Friday, March 16, 2007

Write Ho!

All of us have this overwhelming desire to get it of our chest, to leap into print with a pithy comment on something that seems, momentarily perhaps, of immense importance. It is why there are "Blogs" such as this. The suppressed author in us revels at the chance of telling the world just what we think of them.
In bygone years, the opportunity was primarily left to retired military men who would compose their letters to the press, usually The Times, in the seclusion of their study over a glass or two of port, signing themselves, "Disgusted, Hove (Col. Retd.)" or "Appalled, A Patriot (former RN)."
The papers were understandably pretty choosy about just which letters they saw fit to publish, an admirably sensible policy. But now discretion has been thrown to the winds and, by courtesy of the dubious blessing of the internet, almost every paper gives the world, and possibly his wife, the opportunity to have their dig at their columnists.
Usually headed "Have Your Say" or some similarly encouraging motto, it offers you the chance of telling the writer just what a load of rubbish he has just written.

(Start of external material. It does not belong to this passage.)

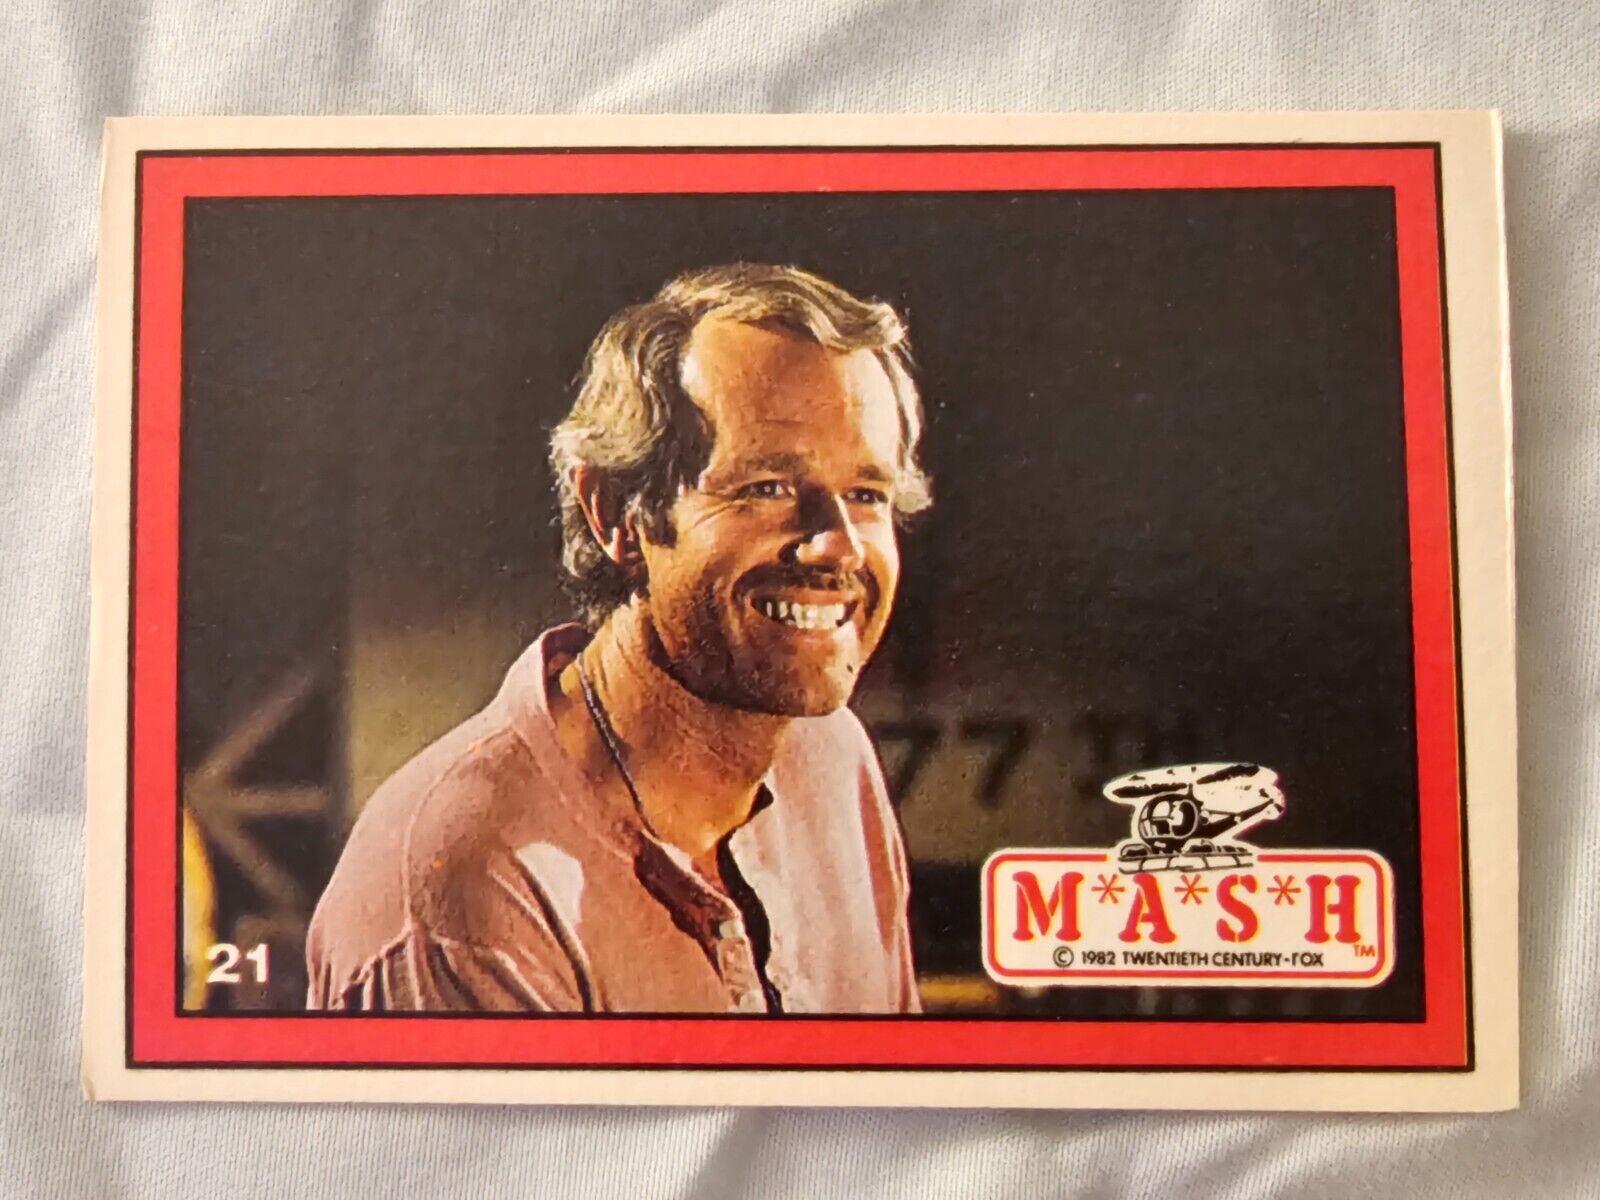 1982 Donruss MASH Trading Card #21

Now some of these comments are tolerably well phrased and the arguments effectively presented. But a good many of them are nowhere near the standard we had come to expect from Disgusted, Hove, and are merely boring recitals of a poorly expressed personal opinion.

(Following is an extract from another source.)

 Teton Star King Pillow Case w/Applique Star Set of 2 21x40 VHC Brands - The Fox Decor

Sometimes, when the subject has been an especially emotive one of great importance to our society, such as the wedding of a pseudo celebrity, the letters run into boring yards of typespace.
This is a brilliant device on the part of the newspaper magnates, since it enables them to fill up the white space they have left over, after having compiled all the garbage that's fit to print, with even more piffle - and it's all for free.
I suppose it serves as a social safety valve, preventing those who have thus got it off their chest from going out and mugging old ladies or indulging in any other of the national sports that the population beguile themselves with, but it makes for pretty boring reading.
As a precaution, I think I'll remove the little "Comment" function at the bottom of this piece. You can't be too careful.